The BRIAN Sensu cluster for scheduling SNMP polling checks had an outage for approximately 1 hour total, spanning Sunday/Monday. No Counters were fetched from routers & saved in InfluxDB during this time.
The reason for degradation:
Network outage resulted in loss of connectivity between all sensu cluster nodes (prod-poller-sensu-agent(01|02|03).geant.org)
Resulted in complete loss of clustering, causing sensu to unschedule all checks.
The impact of this service degradation was:
No interfaces were polled between approximately 16:00 and 16:50 UTC, resulting in loss of data on the Production BRIAN instance.
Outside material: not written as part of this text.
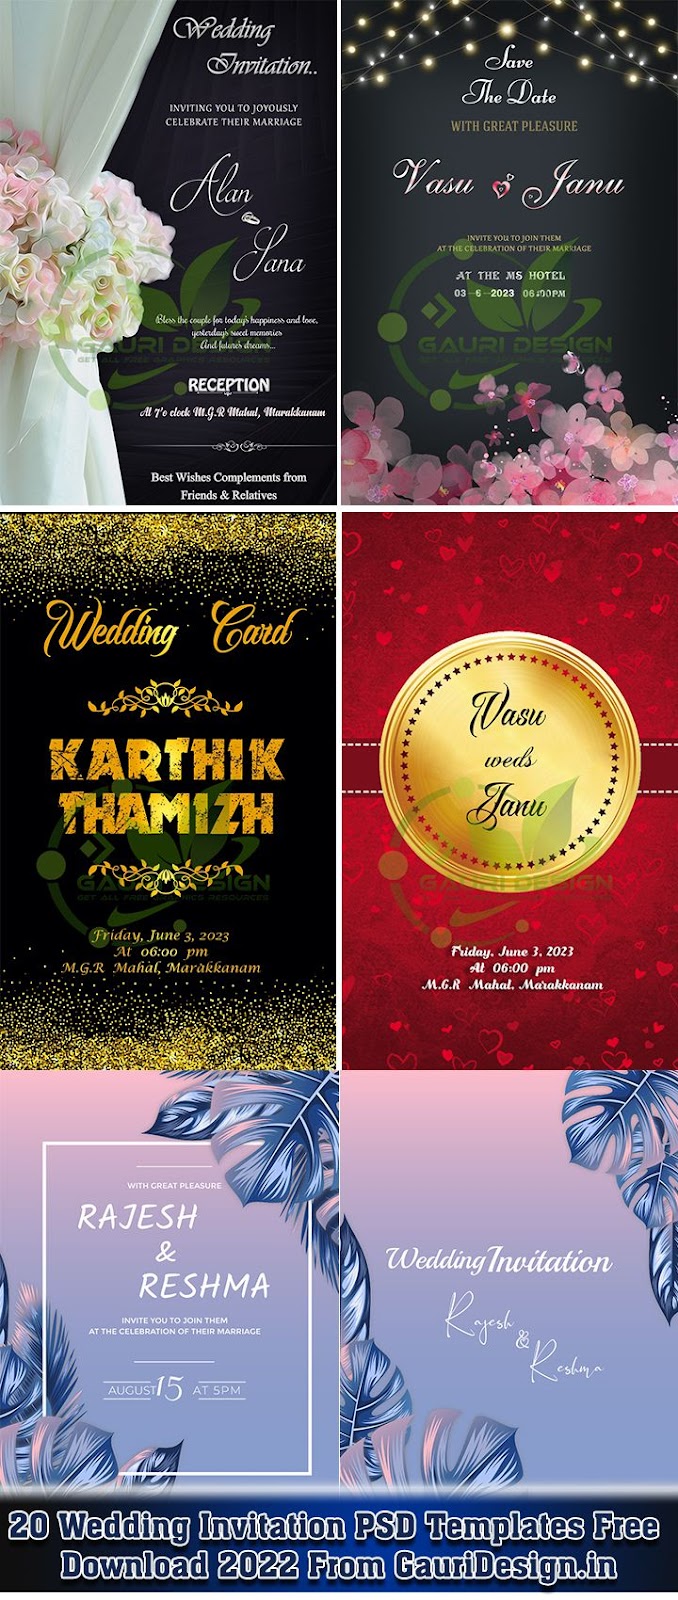 20-wedding-invitation-psd-templates-free-download-2022-gauri-design
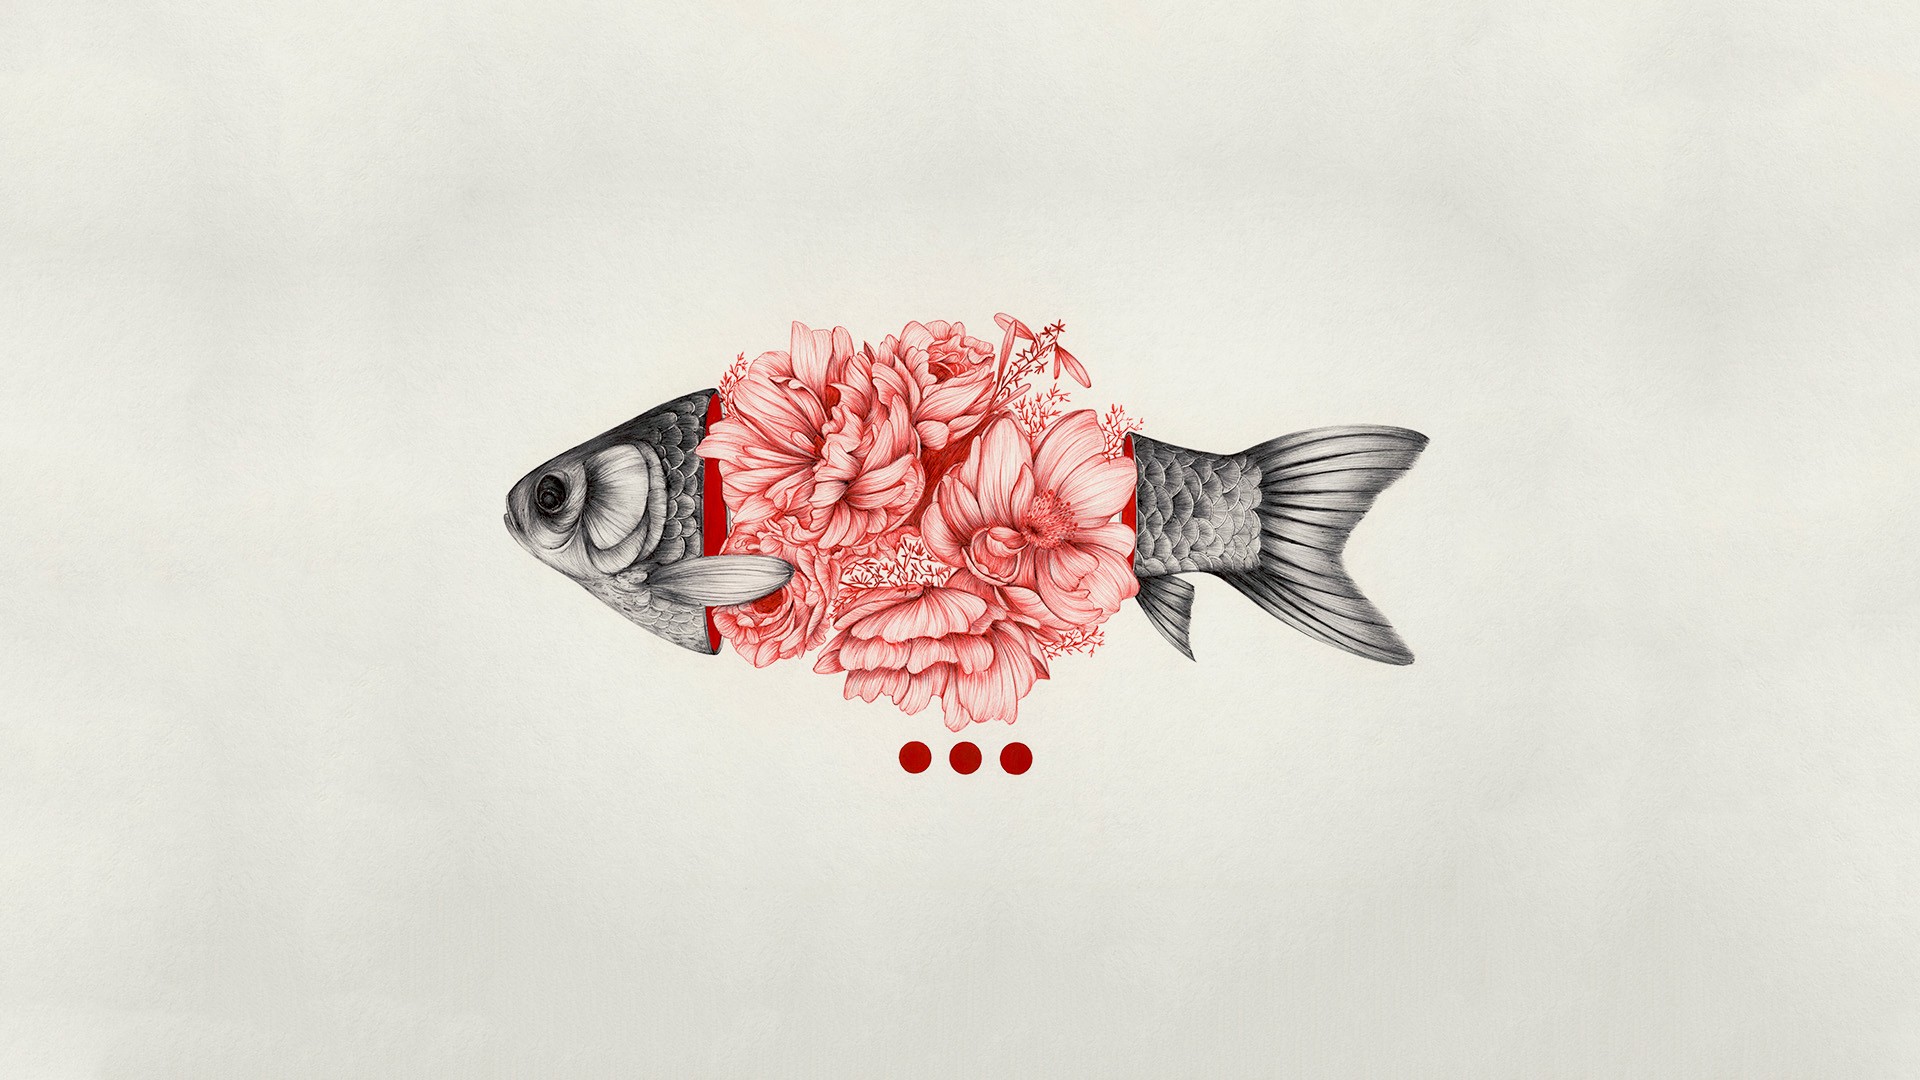 General 1920x1080 digital art minimalism simple background fish flowers dots artwork petals animals

No interfaces were polled between approximately 10:20 and 10:35 UTC, resulting in loss of data on the Production BRIAN instance, due to re-boot of the degraded Sensu cluster.
Incident severity: Temporary service outage
Data loss:
Total duration of incident: ~18 hours
Timeline
All times are in UTC
Date
Time (UTC)
Description
12:52:37
The first evidence of this incident appeared in the logs of prod-poller-processor.geant.org. remove_spikes_interface_rates is one of several stream functions in the data processing pipeline required for the data displayed in BRIAN.
May 30 12:52:37 prod-poller-processor kapacitord[124994]: ts=2022-05-30T12:52:37.802Z lvl=error msg="failed to write points to InfluxDB" service=kapacitor task_master=main task=remove_spikes_gwsd_rates node=influxdb_out3 err=timeout
May 30 12:52:38 prod-poller-processor kapacitord[124994]: ts=2022-05-30T12:52:38.069Z lvl=error msg="encountered error" service=kapacitor task_master=main task=remove_spikes_interface_rates node=remove_spikes2 err="keepalive timedout, last keepalive received was: 2022-05-30 12:52:28.069298439 +0000 UTC"
31 May 2022
11:56
Keith Slater informed APMs - BRIAN is back to normal operation.